→ PROBLEM TO SOLVE:
Write out every record below exactly, leaving the pictures out.

→ THE DATA:
================================
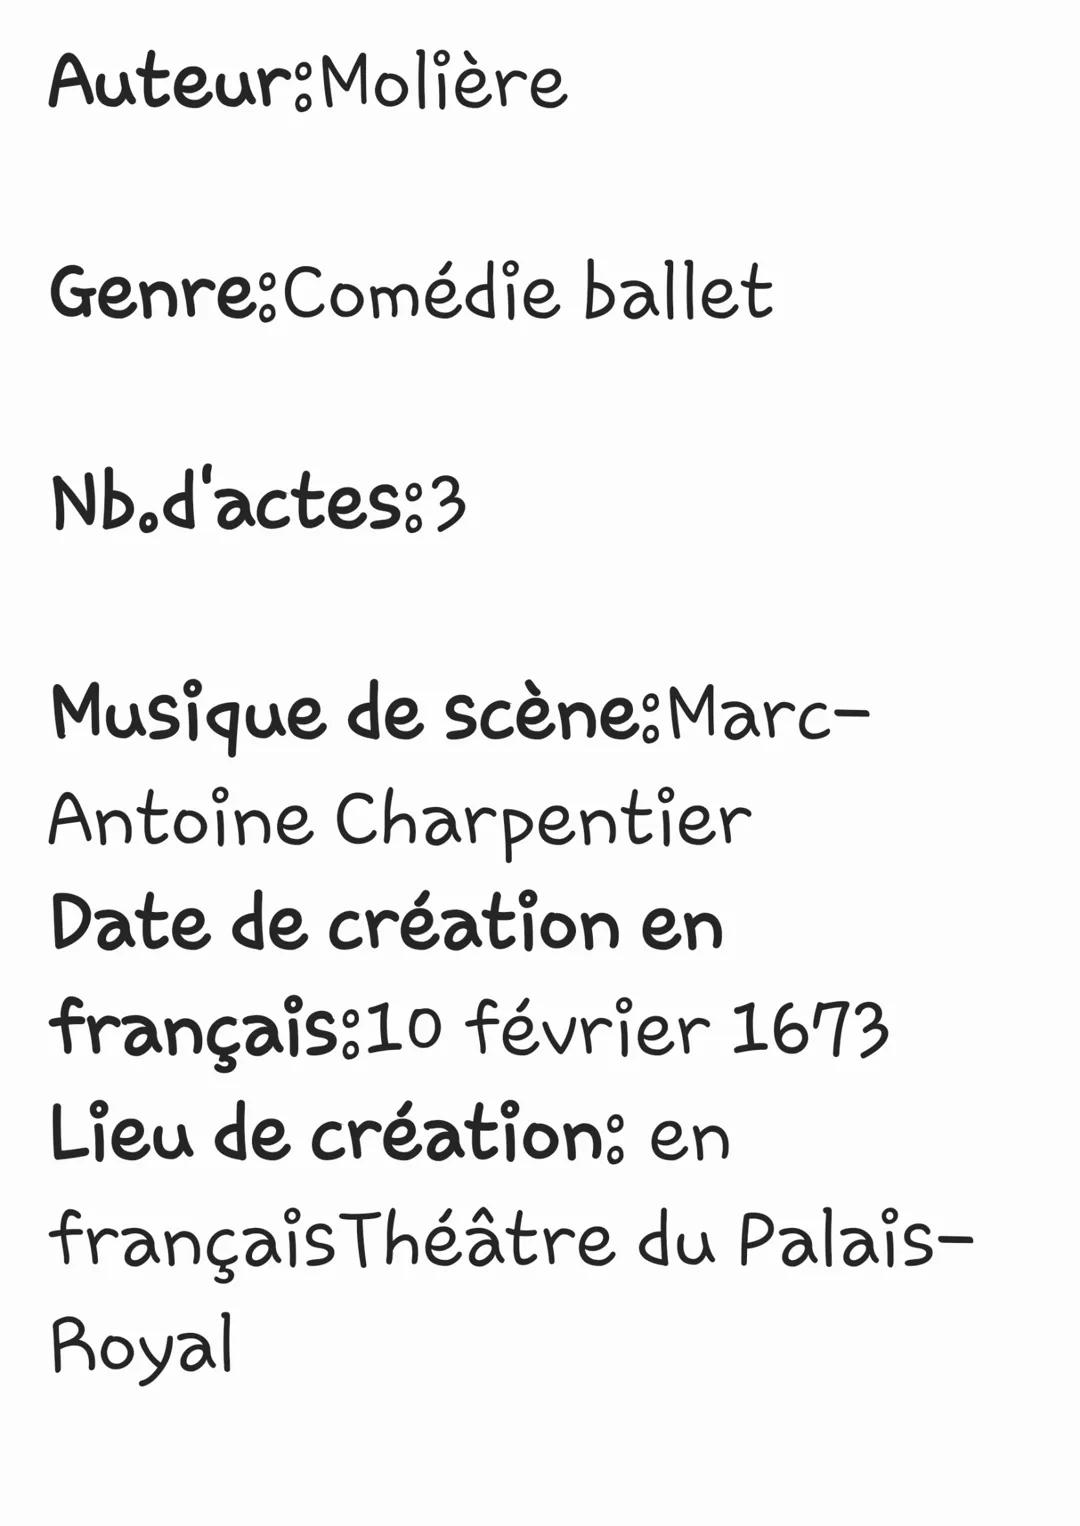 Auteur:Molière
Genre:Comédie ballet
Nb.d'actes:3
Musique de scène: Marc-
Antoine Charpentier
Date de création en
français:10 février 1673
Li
================================
→ ANSWER AREA:
 Auteur:Molière
Genre:Comédie ballet
Nb.d'actes:3
Musique de scène: Marc-
Antoine Charpentier
Date de création en
français:10 février 1673
Li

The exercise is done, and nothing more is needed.